When I pressed him further, Alex simply said, "People often do things because they feel obligated, or because they think it’s what others want them to do, not because they really WANT to do those things themselves…..  Do what you want to do. Don’t do what you don’t want to do."

What strikes me about both statements is the truth within them. They may seem to oppose one another, yet ultimately I believe they don’t. I think people do "do what they want to do" and at the same time, they don’t. They want to please others, so that’s what they do, even though what that leads to is NOT what they want to do.

When I think of all the things I’ve done because I thought others wanted me to, or because I thought it was what I was "supposed" to do, or I thought it was the thing that would get me in good with others…. Oh, the time and energy I’ve wasted! I did those things because I wanted to, but I wanted to for all the wrong reasons. And when I didn’t get what I expected, I felt bitter, resentful, and angry at those from whom I expected something.

Alex’s advice took me by surprise. It’s not at all what you’d expect a pastor-type friend to say. But it has stuck with me ever since. It is now one of the touchstones by which I make my decisions and take action. "What is it I really want to do?" "Do I really want to do this?"

Jesus said, "let your yes be yes and your no be no." In other words, don’t say yes to someone when your heart is really saying no.
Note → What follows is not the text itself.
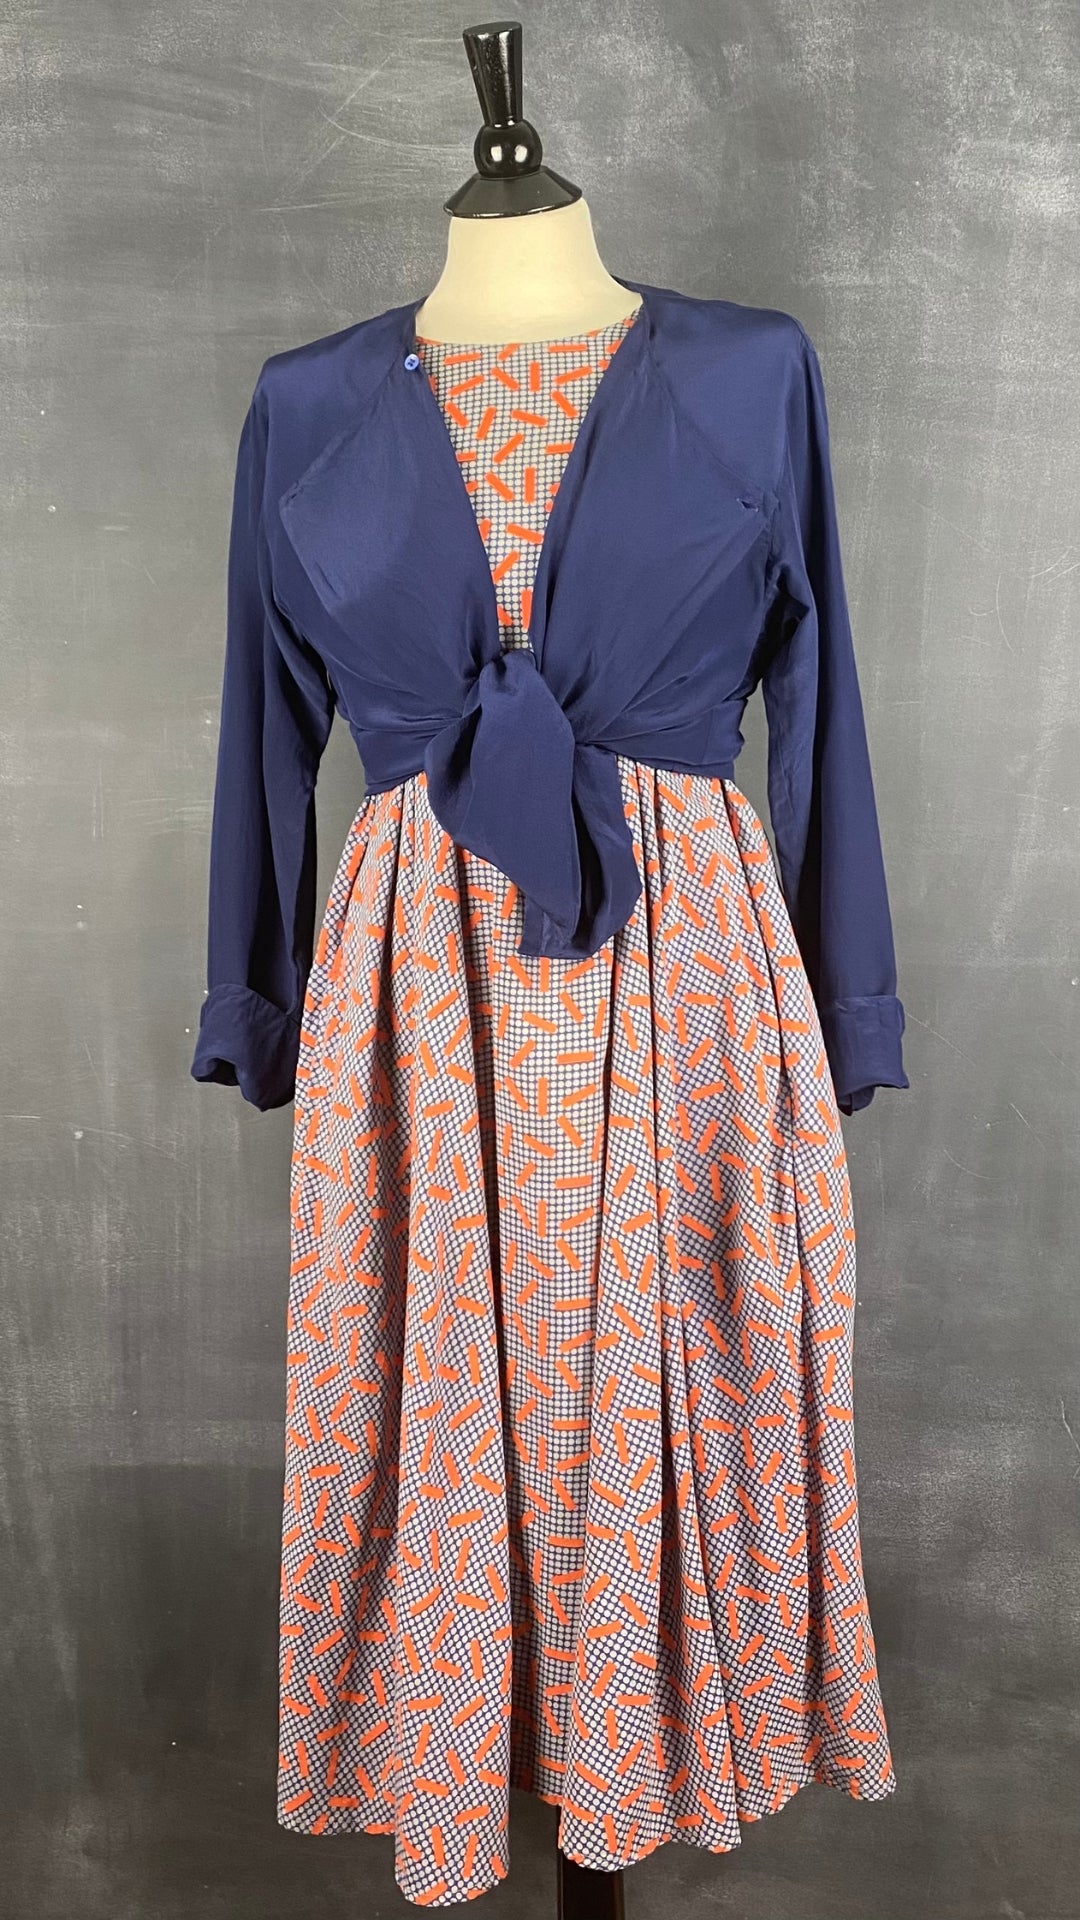 Robe trapèze à motifs Nathalie Du Pasquier pour American Apparel, taille one size. Vue de l'agencement avec la veste en soie Calvin Klein.
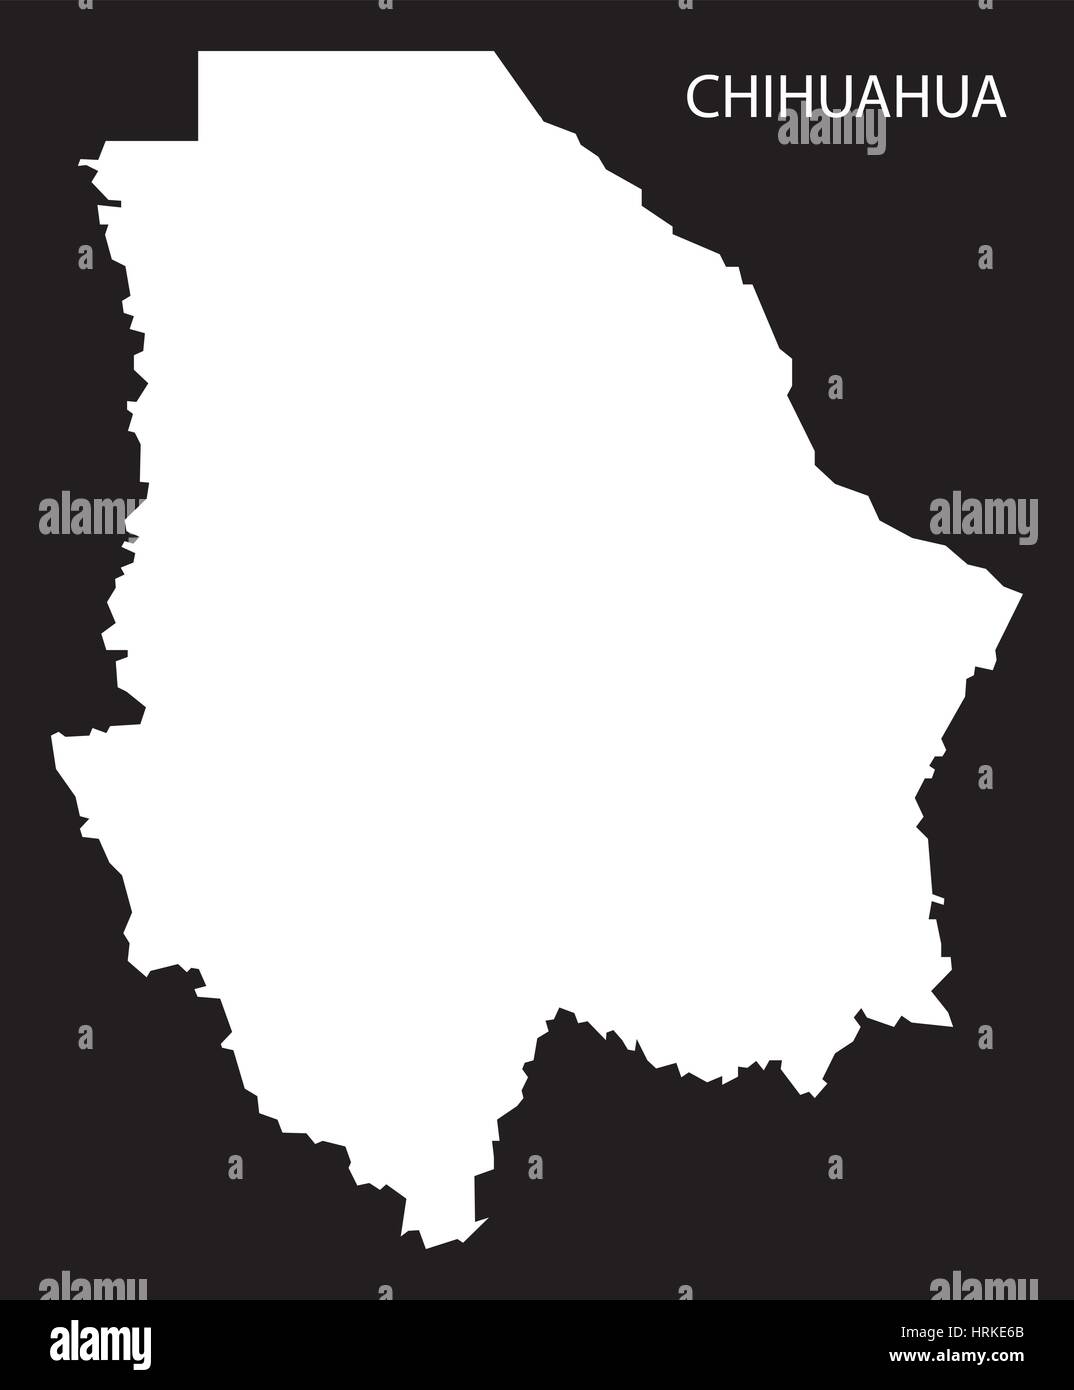 Chihuahua Mexiko Karte schwarz invertiert silhouette Stock Vektor

How many times has my mouth said yes and my heart said no? Far too many to count…

Since receiving Alex’s advice in October 2001, I’ve worked hard to check myself, to check my motives when I act. Over the summer and fall of 2003 I discovered afresh how devastating it can be to a relationship when our mouths make commitments our hearts are not behind. I was a participant in a friendship that was riddled with that behavior, and I was guilty of it myself. It ultimately destroyed the relationship. There is a bitter taste to eating your own words, especially when you’re heart outed you long ago.

In my present relationships — all my relationships — I have made a commitment to God and to myself that I will never let my mouth make commitments my heart is not behind. Better an honest "no, thank you" than a disingenuous "yes I will."